Making Noodles & Company Easier to Use. Some of our marketing efforts focus on making our restaurants easier to use. We seek to deliver superior customer service at every opportunity, generating consumer awareness of menu offerings with in-restaurant communications such as displays of our menu offerings that are visible upon entry and table top cards that highlight healthy food offerings. By providing multiple points of access to our wide variety of menu offerings, we seek to optimize our customers’ in-restaurant experience to increase the frequency of our customers’ visits. Our efforts also utilize tools like online ordering.
Suppliers
Maintaining a high degree of quality in our restaurants depends in part on our ability to acquire fresh ingredients and other necessary supplies that meet our specifications from reliable suppliers. We carefully select suppliers based on quality and their understanding of our brand, and we seek to develop mutually beneficial long-term relationships with them. We work closely with our suppliers and use a mix of forward, fixed and formula pricing protocols. We have tried to increase, in some cases, the number of suppliers for our ingredients, which we believe can help mitigate pricing volatility, and we monitor industry news, trade issues, weather, crises and other world events that may affect supply prices. In addition, a substantial volume of our produce items are grown in Mexico and other countries and any new or increased import duties, tariffs or taxes, or other changes in U.S. trade or tax policy, could result in higher food and supply costs.
Seasonality
Seasonal factors and the timing of holidays cause our revenue to fluctuate from quarter to quarter. Our revenue per restaurant is typically lower in the first and fourth quarters due to reduced winter and holiday traffic and higher in the second and third quarters.
Competition
We face competition from the casual dining, quick-service and fast casual segments of the restaurant industry. These segments are highly competitive with respect to taste, price, food quality and presentation, service, location and the ambience and condition of each restaurant, among other things.
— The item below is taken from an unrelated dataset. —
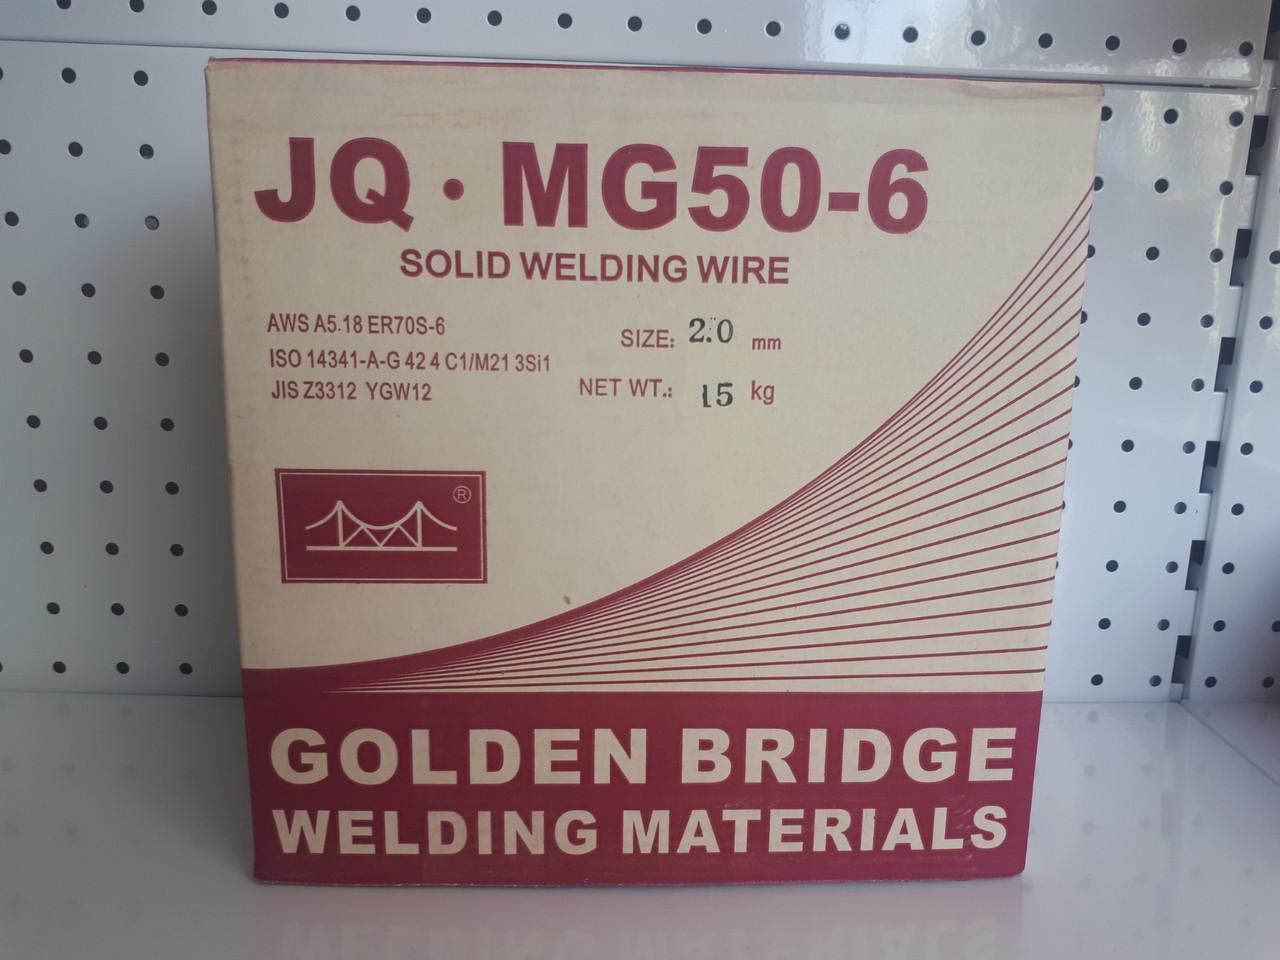 Сварочная проволока JQ.MG50-6 (ER70S-6) д=2,0мм (15кг)  Golden Bridge

Our competition includes a variety of locally owned restaurants and national and regional chains who offer dine-in, carry-out and delivery services. Many of our competitors have existed longer and have a more established market presence with substantially greater financial, marketing, personnel and other resources than we have. Among our competitors are a number of multi-unit, multi-market fast casual restaurant concepts, some of which are expanding nationally. As we expand, we will face competition from these concepts and new competitors that strive to compete with our market segments.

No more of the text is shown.